April 27, 2025
Trio Wanderer
Piano trio
Trio Wanderer © Marco Borggreve
Biography
Jean-Marc Phillips-Varjabédian - violin
Raphaël Pidoux - cello
Vincent Coq - piano
Acclaimed for its extraordinarily sensitive style, almost telepathic understanding of each other, and technical mastery, the Trio Wanderer is a French ensemble that has been performing in major halls on six continents for over three decades. The members are all graduates of the Conservatoire National Supérieur de Musique in Paris. In addition, they studied at Indiana University, Juilliard, and with members of the Beaux Arts Trio and the Amadeus Quartet. The name “Wanderer” pays homage to Schubert, and more widely to German Romanticism, which is often suffused with the theme of the wandering traveler. Indeed, these three musicians are avid open-minded, wandering travelers, who explore a musical world spanning the centuries from Mozart and Haydn to the present day. In 1988 the Trio won the ARD International Music Competition in Munich, and in 1990 the Fischoff National Chamber Music Competition in the U.S. In 2015, the three musicians were recipients of the Knight of the Order of Arts and Letters (Chevalier dans l’ordre des Arts et Lettres). The Trio has recorded more than twenty CDs, mostly on the Harmonia Mundi label, but also on Sony Classical, Accord, Cyprès, Capriccio, and Mirare. LMMC Debut.
http://www.triowanderer.fr/?lang=en
Notes
The first of Mendelssohn’s two Piano Trios is probably his most frequently performed chamber work today. Despite the flowering of the age of romanticism all about Mendelssohn, most hallmarks of the classical style are found here in abundance: elegance, balance, fluency, smoothly lyrical melodies and formal mastery. The cello introduces both principal subjects of the opening sonata-form movement. The second movement develops in its outer sections a single melody of ingratiating charm. Elfin grace, delicate textures, sparkling themes and whirlwinds of feather-light notes are the elements of the Scherzo. The Finale is essentially driven by the pervasive rhythmic pattern Schubert used often, long-short-short.

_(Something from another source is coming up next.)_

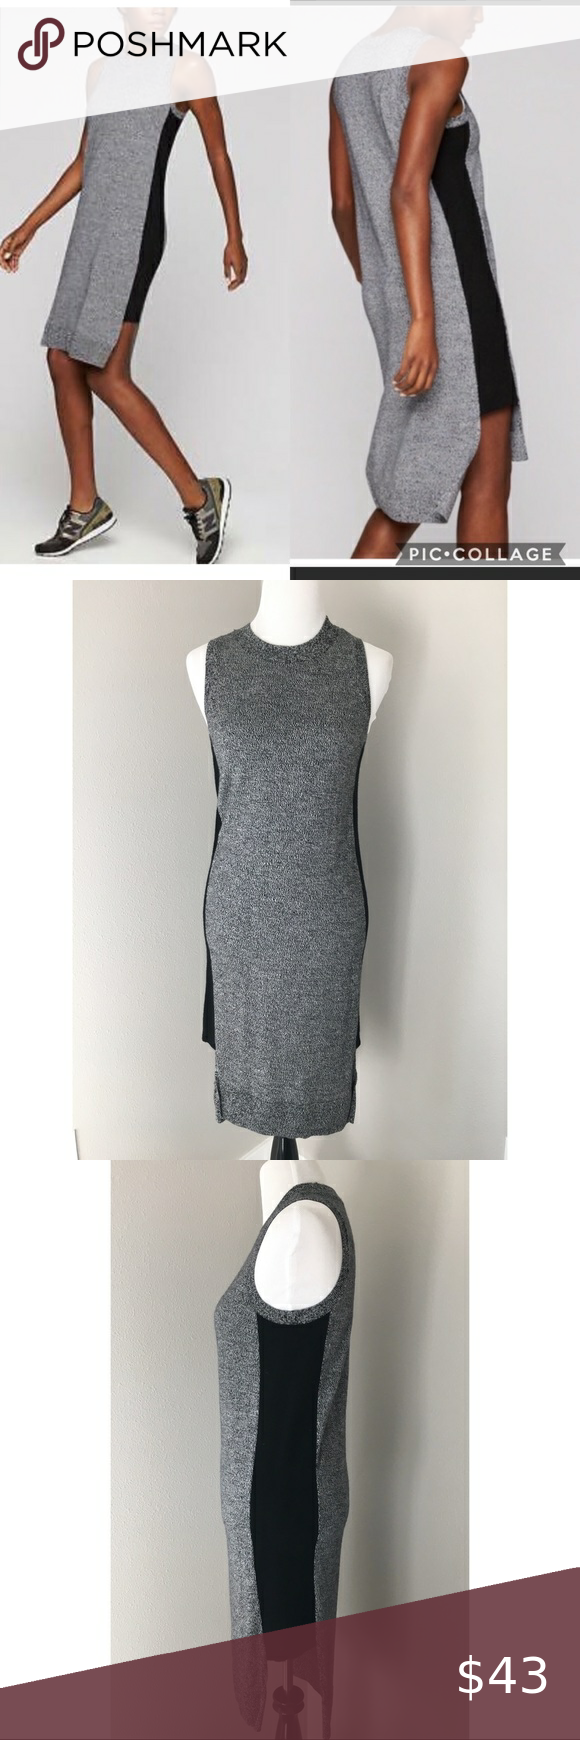 30+ Athleta merino wool dress ideas in 2021

Marie-Juliette Olga Boulanger, to give “Lili” her full name, was prodigiously gifted, learning not only composition but also piano, organ, voice, violin, cello, and harp. She was the first woman to win the Prix de Rome composition prize, and one of the most important women composers of the early twentieth century despite her early death at the age of just 24. D’un soir triste (Of a Sad Evening) and D’un matin de printemps (Of a Spring Morning) were written just before her death. Both parts of this diptych are based on similar melodic outlines and are in triple meter, though they differ in tempo. Most listeners hear in the short but intense D’un soir triste a reflection on the fatalities and tragedy of World War I, which raged while Lili was writing it. The influence of Debussy is apparent in the bright, cheerful D’un matin de printemps.

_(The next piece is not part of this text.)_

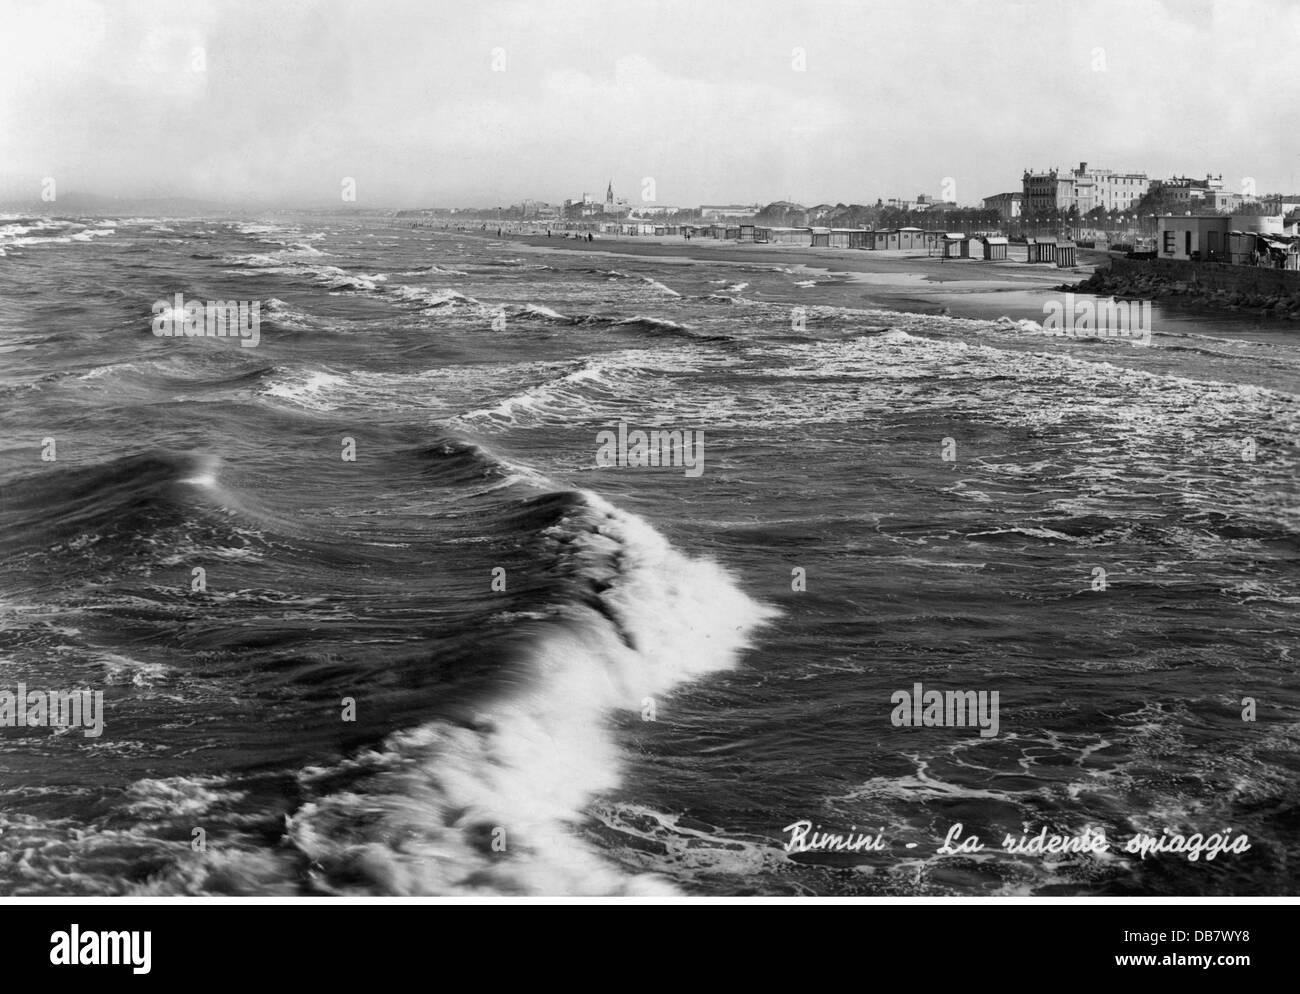 geography / travel, Italy, Rimini, city views / cityscapes, La ridente spiaggia, picture postcard, circa 1959, Additional - Stock Image

Ravel’s Piano Trio is large in scope, at times virtuosic in its demands, and fully exploits instrumental colors and effects. Although written for just three players, it takes on symphonic proportions at times (Yan Pascal Tortelier in fact created an orchestral version in 1992). The Trio opens with one of Ravel’s most beguiling melodies, a gently swaying subject derived from a folk dance of Ravel’s native Basque region. The second movement is a scherzo in all but name, filled with the breathless, feathery pointillism for which Mendelssohn was renowned. Ravel’s title is “Pantoum” (pantun), a word from the Malay language referring to a literary form. The dignified slow movement is based on the old Baroque passacaglia form, in which a melodic line, usually confined to the bass, is subjected to continuous variations and countersubjects. The finale slips in without pause, the strings playing fantastical ethereal effects over a quiet, chordal theme in the piano. Written at times in 5/4 meter, at others in 7/4 (both common to Basque folk music), this movement features some of the most sensational and overtly virtuosic music Ravel ever wrote for any ensemble.
Robert Markow
Programme
MENDELSSOHN Piano Trio No. 1
(1809-1847) in D minor, Op. 49 (1839)
BOULANGER D’un soir triste (1917-18)
(1893-1918) D’un matin de printemps (1917-18)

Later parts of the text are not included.